Several types of myeloid cells were found to be different between the high- and low-risk groups. Patients with a high signature of dendritic cells in the pre-treatment samples were more likely to have ICB responses, suggesting that the anti-tumor impact of anti-PD-(L)1 is mediated by DCs (70). Blocking the PD-1/PD-L1 interaction between pDCs and effector cells abolished the immune suppression of pDCs on T cells and NK cells (71). Dahling et al. found that cDC1s could provide a niche to main Tpex cells and prevent their overactivation dependent on MHC-I interactions, and this shielding effect on Tpex was associated with ICB responsiveness (72). Macrophages have diverse subsets revealed by robust results of scRNA-seq and defined by marker genes as SPP1+, C1QC+, PPARG+, and ISG15+ macrophages. C1QC+ macrophages are mutually exclusive to SPP1+ macrophages, and they co-expressed other C1q genes, HLA-DR, APOE, and MRC1 (73). Interestingly, C1q genes and APOE were included in a TLS signature of renal cell cancer associated with better ICB response, indicating a potential role of C1QC+ macrophages in helping to eliminate tumor cells in ICB therapy (74). ISG15+ macrophages upregulated multiple interferon-induced genes and M1-like markers, but they are also suppressive through tryptophan degradation (75). Therefore, the anti-tumor role of ISG15+ macrophages require further studies. PPARG+ macrophages are lung-resident alveolar macrophages, but their function in the TME is not well clarified yet.

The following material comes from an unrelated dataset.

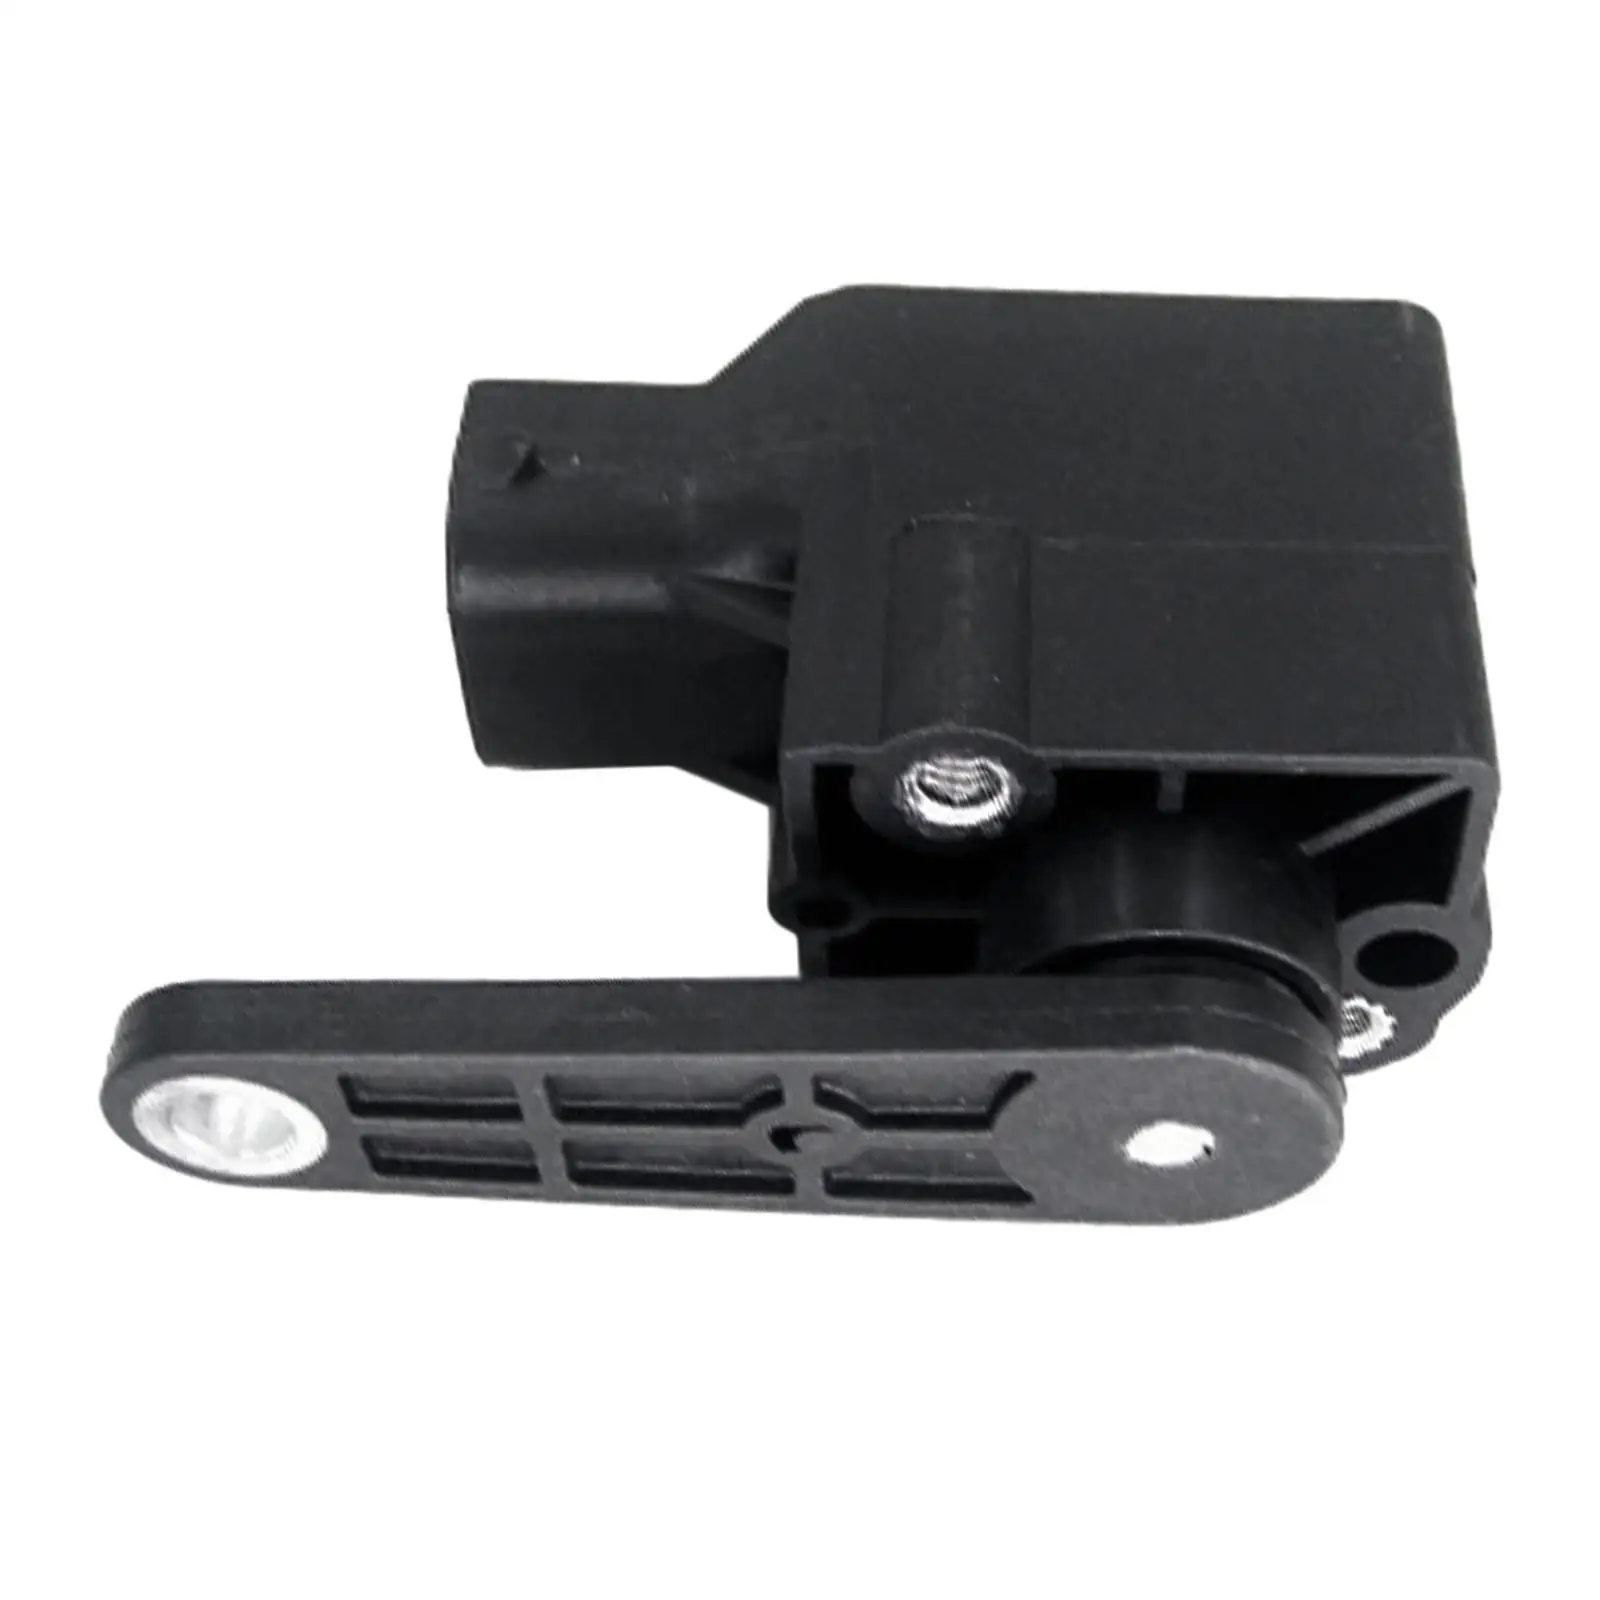 Headlight Level Sensor 6Pin Automotive Replace Parts ,Bulbs Fits for 3 M5 x5 Z4 Z8  528i  37146784696

The risk score is most closely related to the signature of TLS, providing an underlying mechanism of ICB responsiveness in the low-risk group. TLS is ectopic lymphoid aggregates in the tumor that feature B cells surrounded by T cells, similar to the secondary lymphoid organs. Multiple studies have demonstrated the value of TLS as a biomarker associated with benefits from ICB treatment in various types of tumors, including NSCLC, renal cell carcinoma, melanoma (50, 74, 76). The immune cell subsets changed in our study, such as the C1QC+ macrophages discussed earlier, may also contribute to the composition of TLS.
In conclusion, our analysis revealed two ICB-related co-expression modules in baseline NSCLC samples prior to ICB therapy. The black module, which was positively associated with ICB responsiveness, had pathway enrichment of antigen processing and presentation and T cell activation, with its assigned genes mostly expressed in myeloid cells. The blue module had a negative correlation with ICB responsiveness and was associated with decreased alternative splicing events. A risk score constructed based on the two modules could be a surrogate marker to predict the risk for poor benefits from ICB treatment. Tumors with low risk scores were more immune-infiltrated. T cell composition changed in the low-risk group in favor of anti-tumor immunity, with increased Tpex, Trm and Tc17 and decreased terminal Tex. The higher frequencies of pDCs, cDC1s, C1QC1+ macrophages and ISG15+ macrophages in the low-risk group could also be potential mechanisms that promote response to ICB therapy. In addition, the strong correlation to TLS formation makes the risk score more robust. Our study provides a perceptive insight into the transcriptomic profile of NSCLC and a clinically translatable predictor for ICB responsiveness. However, further studies are needed to validate the results.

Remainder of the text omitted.